Note that the PEP architecture is completely symmetric; none of the features below distinguishes between ``client'' and ``server''.

3.1.1 Naming

PEP is required to identify protocol-extensions in two contexts: describing a message which employs a protocol, and in describing an offer to use a protocol. The identification process is separated into two parts: a protocol name, and a configuration that describes how the protocol is being used.

The protocol name is a pointer to a specification of the protocol itself: either a full URI, or a registered name. This takes the thinking of ESMTP [11] -- to encouraging proliferation of standardized, named extensions -- one step further, by using the web to dynamically register names.
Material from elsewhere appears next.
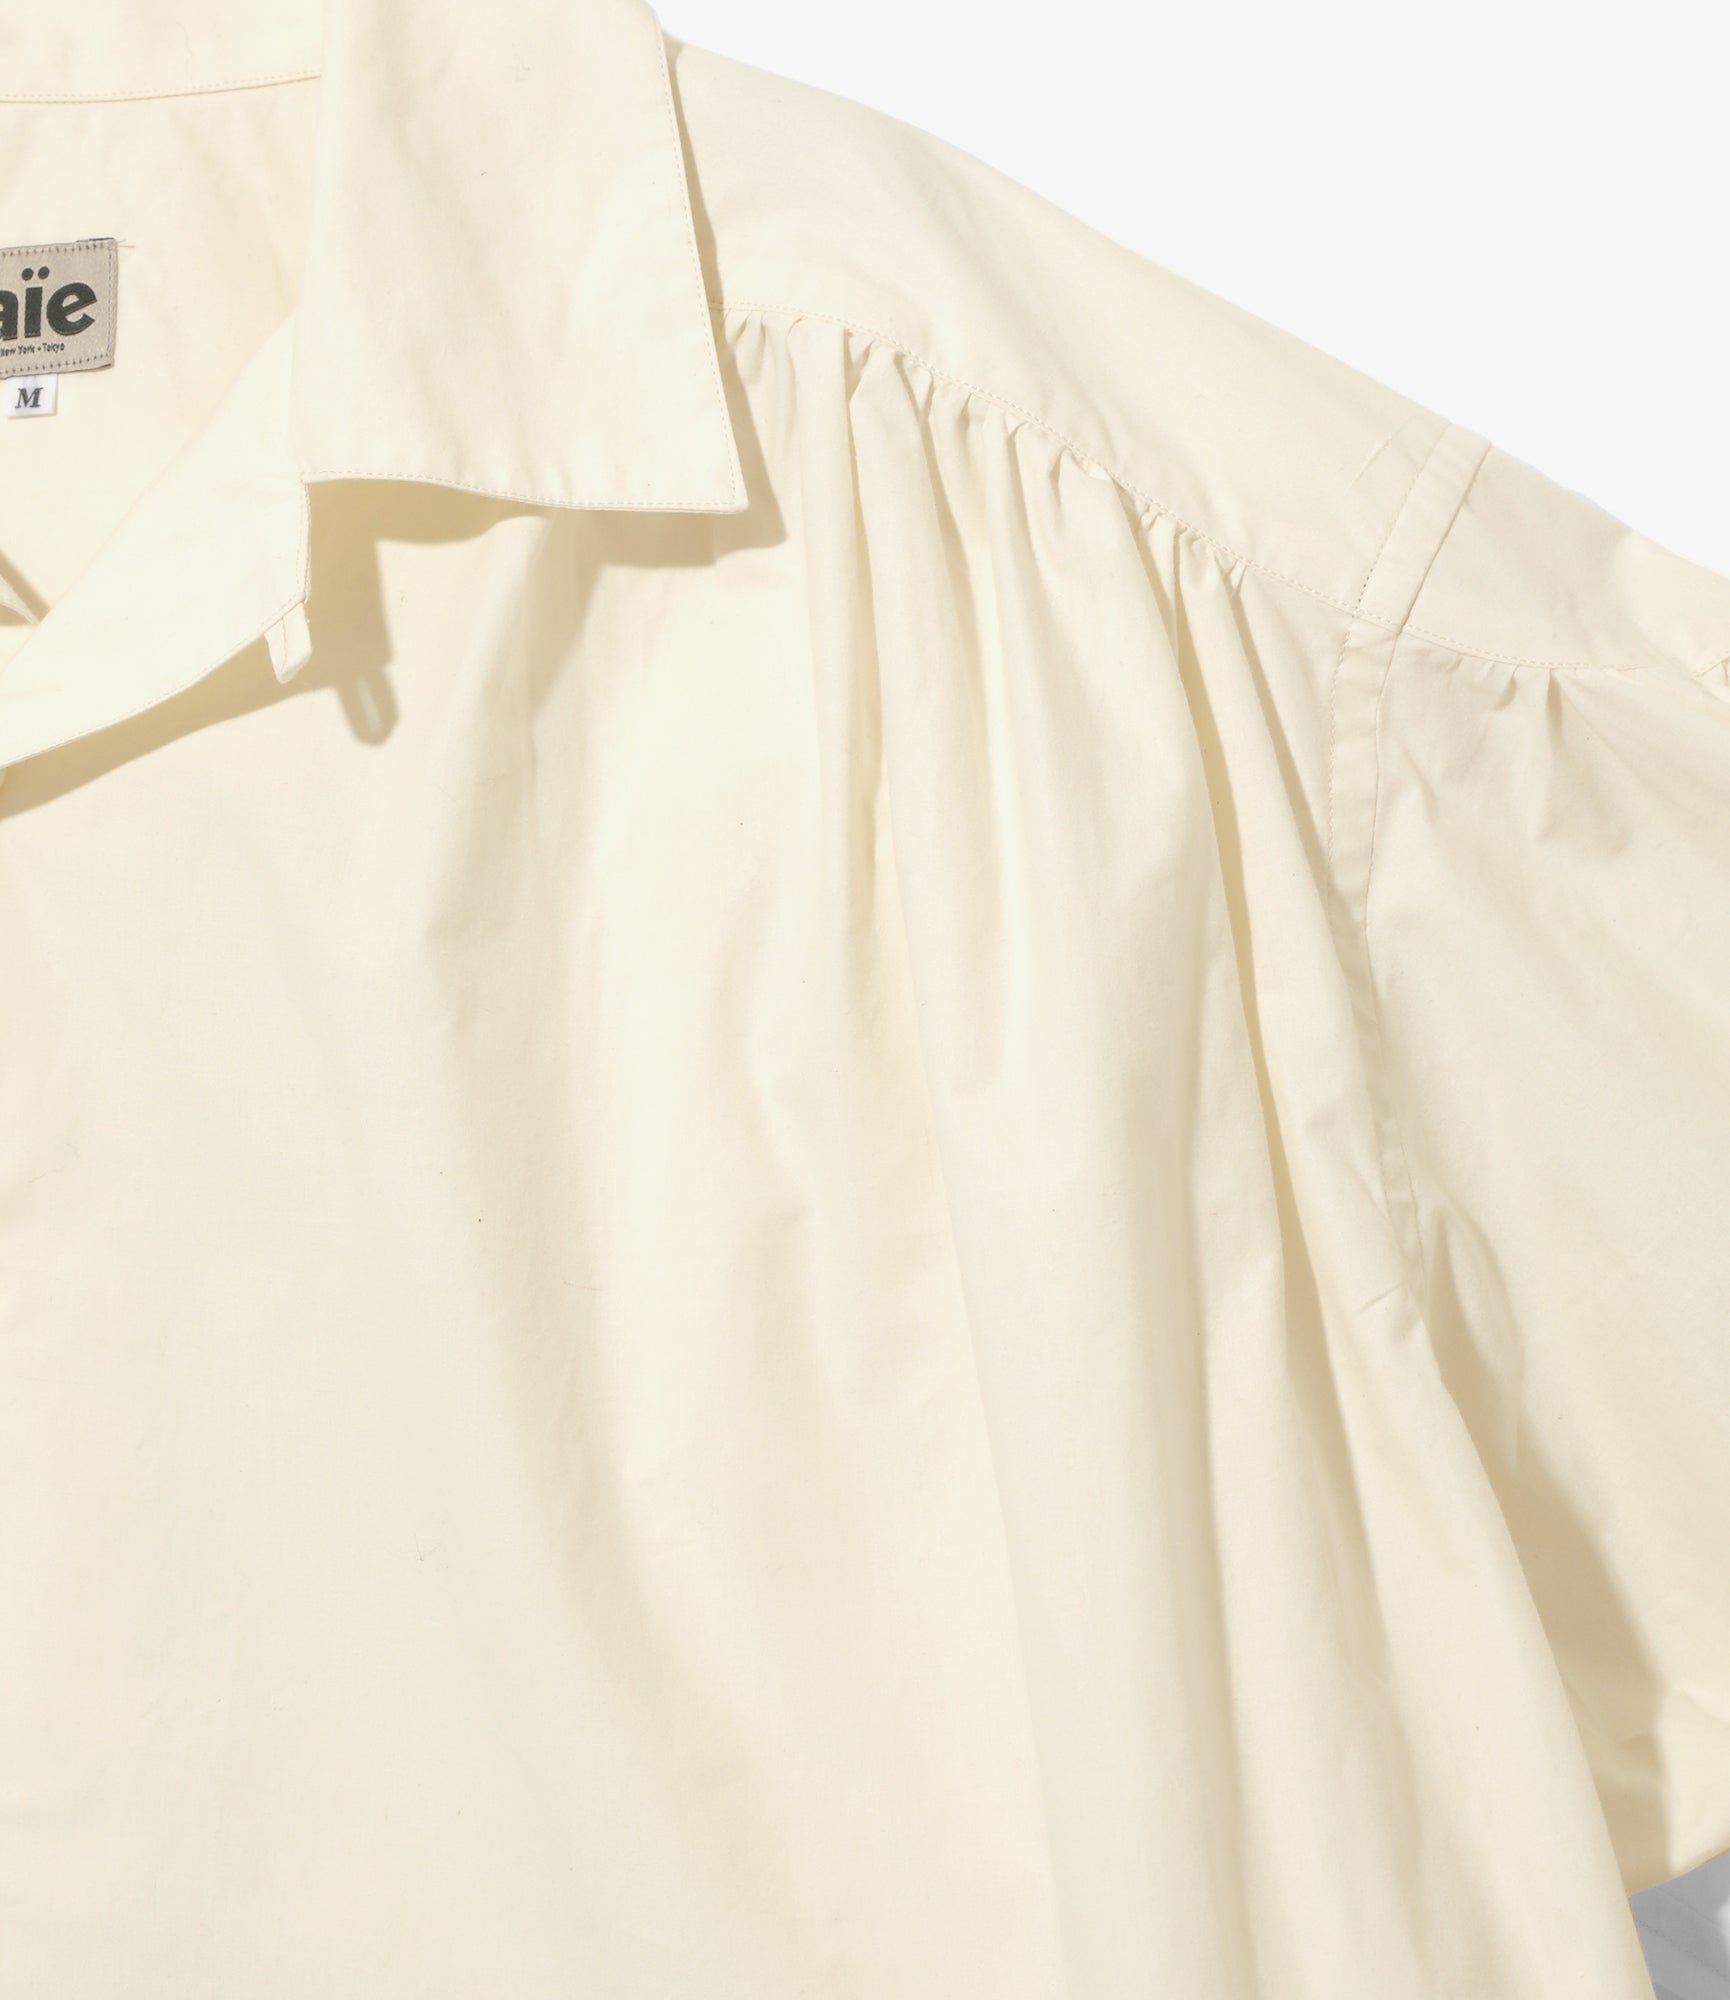 AIE Painter Shirt - Cotton Cloth / Iridescent - Off White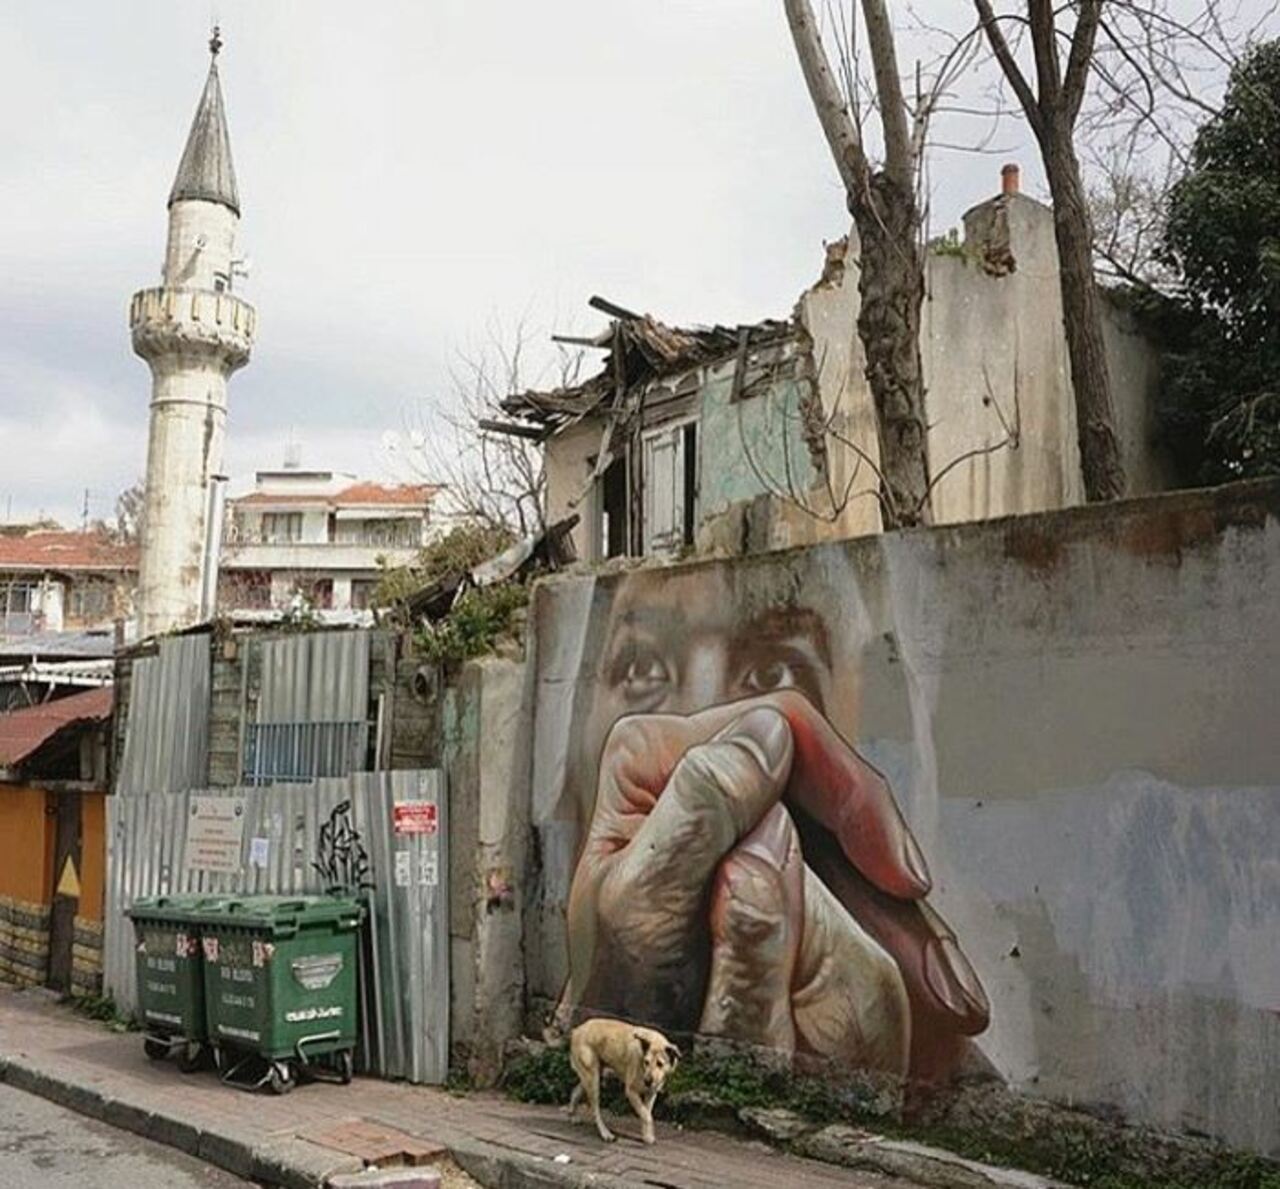 Great art by German artist Andreas von Chrzanowski aka Case MaClaim in Istanbul, Turkey #streetart #artderue #artedelcalle #стритарт #граффити #urbanart #arteurbano #mural #graffiti #wallart #casemaclaim #istanbul #turkey  via http://Widewalls.ch | https://goo.gl/kdMXpC https://t.co/J2YOFiKLeO

A protocol specification, in addition to the ``usual'' material defining the meaning and structure of its payload, can also specify well-known parameters that specify how the protocol is being used (e.g. modes, sizes, etc). PEP identifies protocol extensions by combining the name and the parameters.

3.1.2 Addressing

While HTTP is a host-to-host protocol, an HTTP transaction is not; it may be routed through proxies, caches, or gateways. PEP is required to offer a way to select which agents are involved in processing each protocol instance or offer.

PEP uses a standard attribute, "scope", to indicate which HTTP agents are required to pay attention to an offer or instance. Scope has three values: connection, route, and origin. The concept is largely similar to option processing in IPv6 [6], especially in the importance of proper error reporting by handlers which are in scope, but cannot handle the option.

``Connection'' scope is addressed to the next HTTP agent; each protocol instance or offer so labeled must be removed before proceeding. The rationale is similar to the Connection: header in Section 10.9 of HTTP/1.1.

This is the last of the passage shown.